Nothing may be left out of the listing below but its images; repeat the rest exactly.

> _Available data_
+-------+
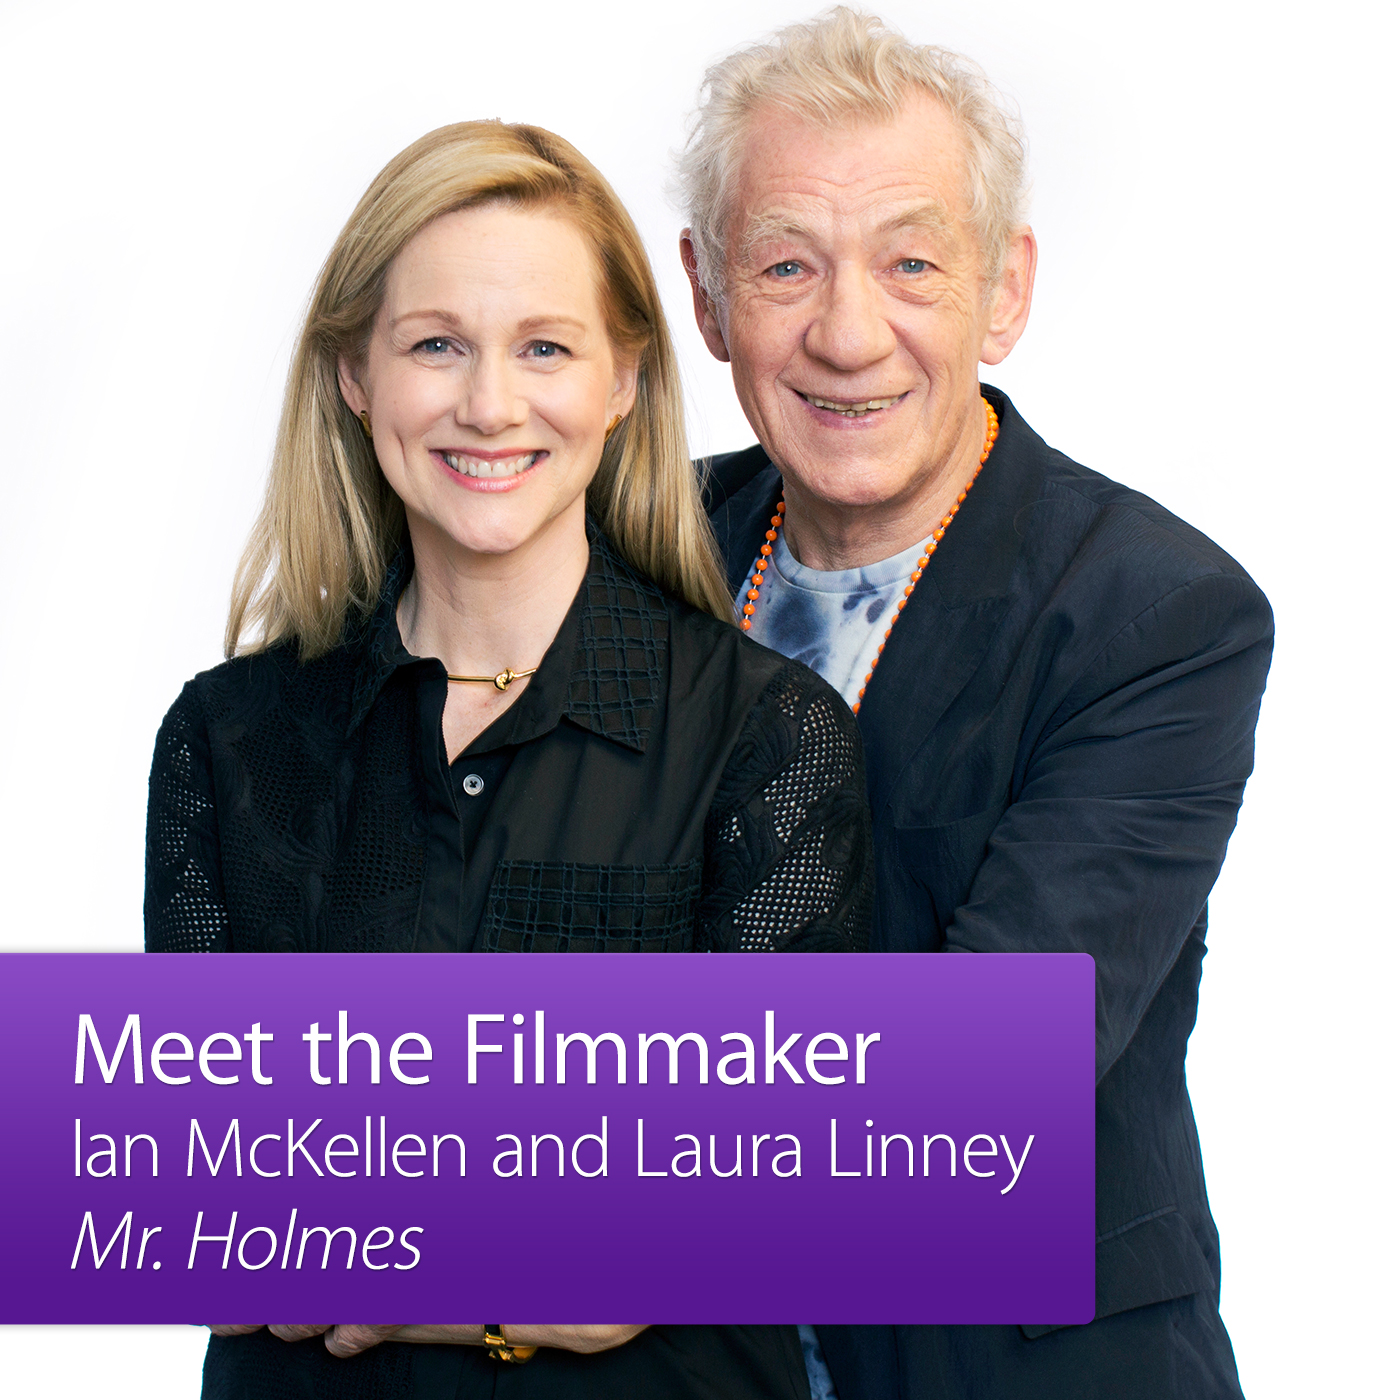 Mr. Holmes: Meet the Filmmaker
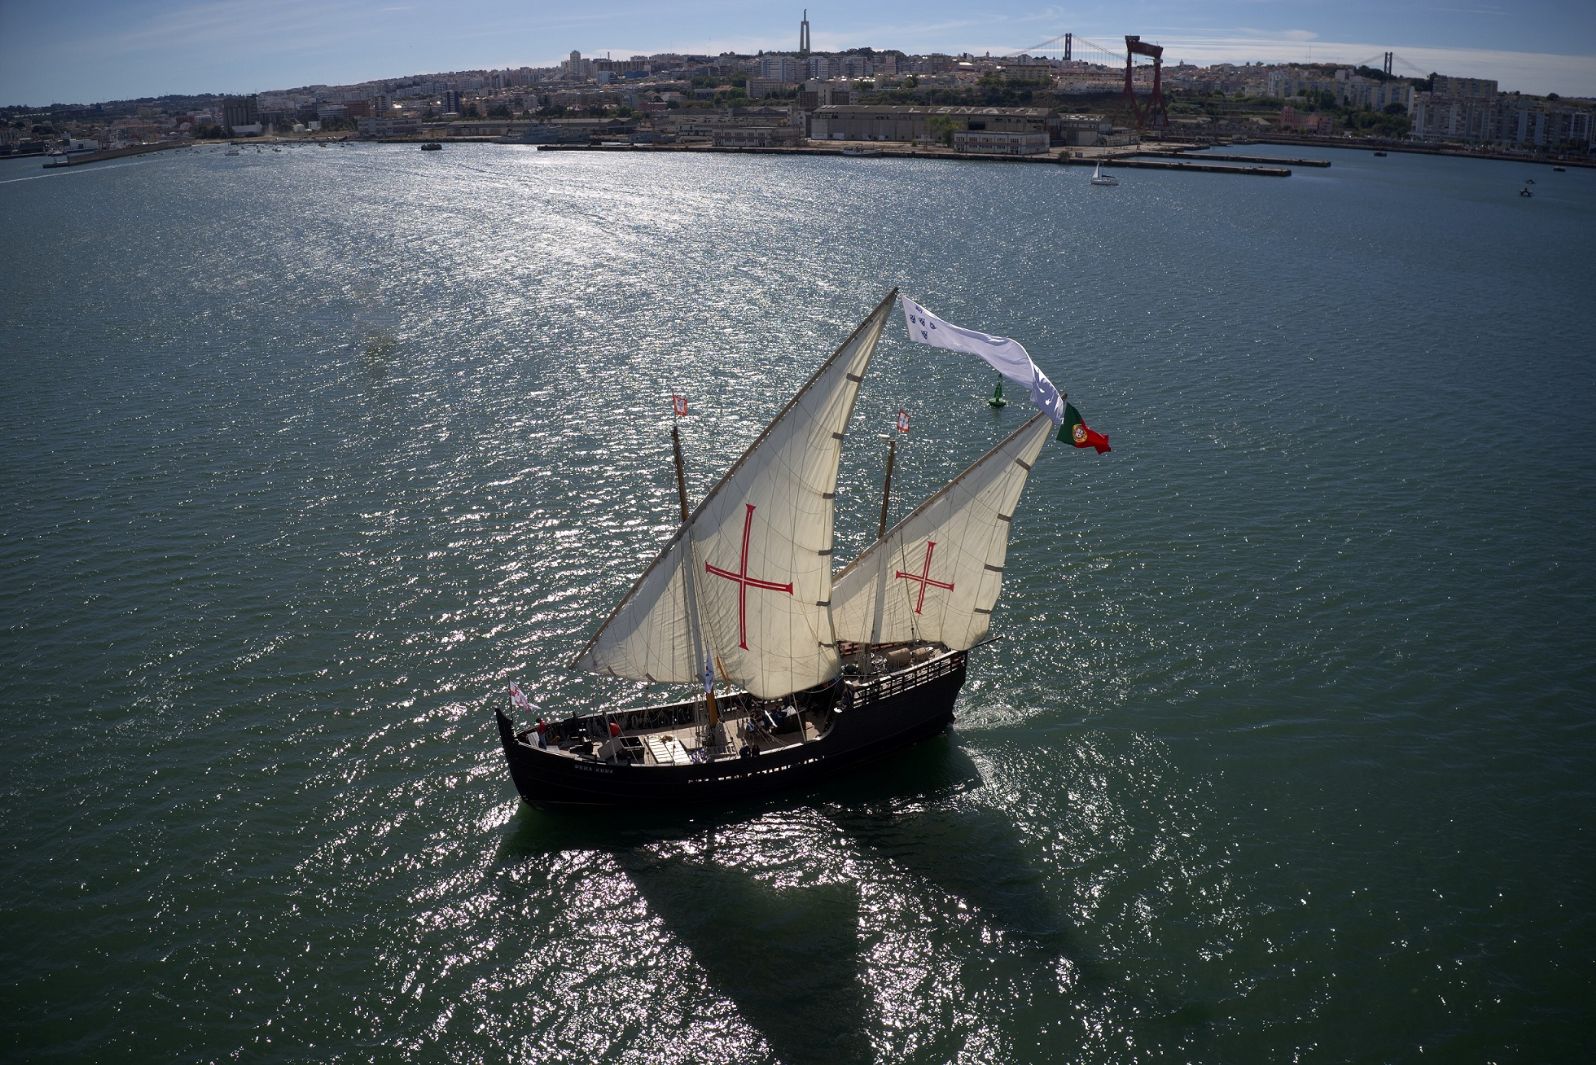 Caminho Marítimo de Santiago: Redescobrir a história e a paisagem costeira a bordo de um barco à vela
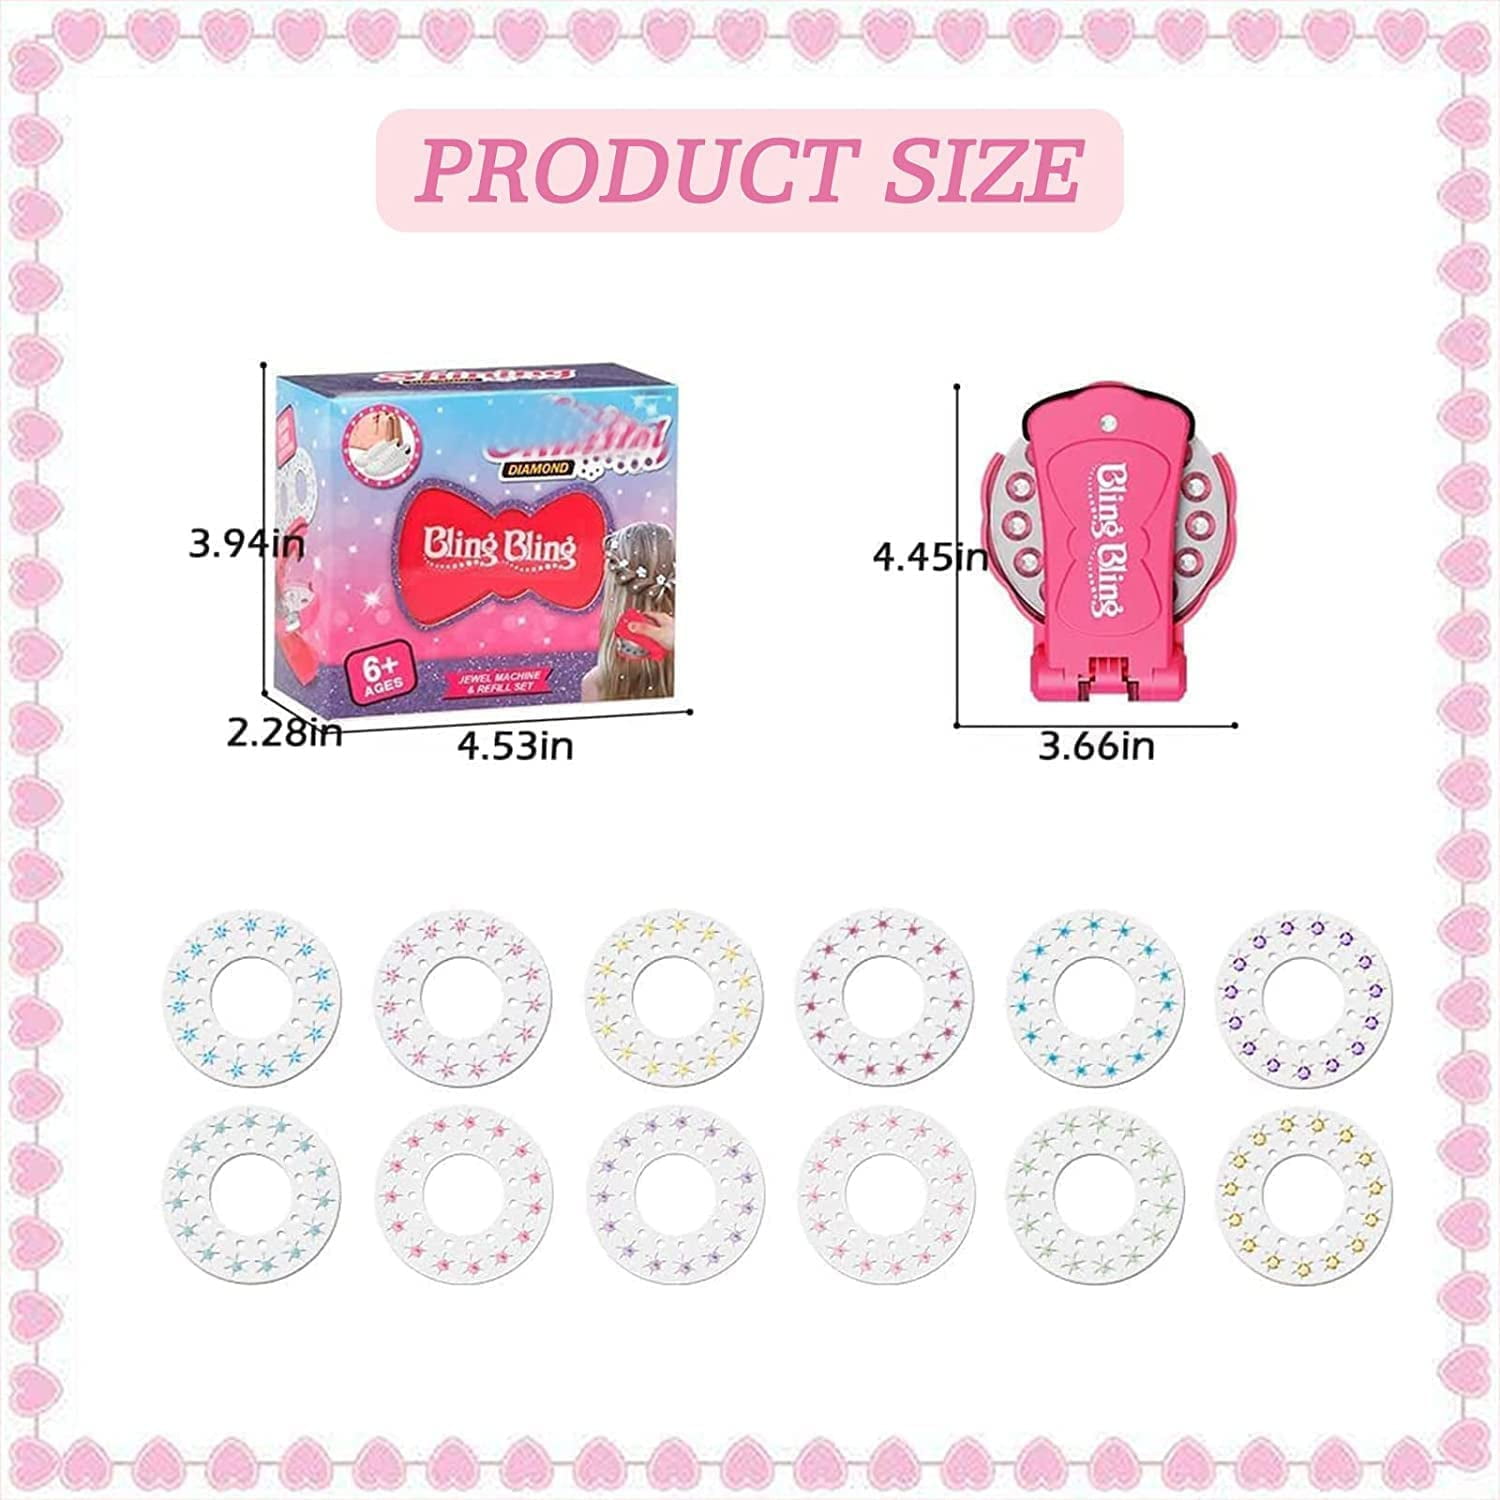 Blinger Hair Gems Dazzling Gem Refill Kits - 4 Choices | HONEYPIEKIDS Princess
+-------+
> _Result for this task_
 Mr. Holmes: Meet the Filmmaker
 Caminho Marítimo de Santiago: Redescobrir a história e a paisagem costeira a bordo de um barco à vela
 Blinger Hair Gems Dazzling Gem Refill Kits - 4 Choices | HONEYPIEKIDS Princess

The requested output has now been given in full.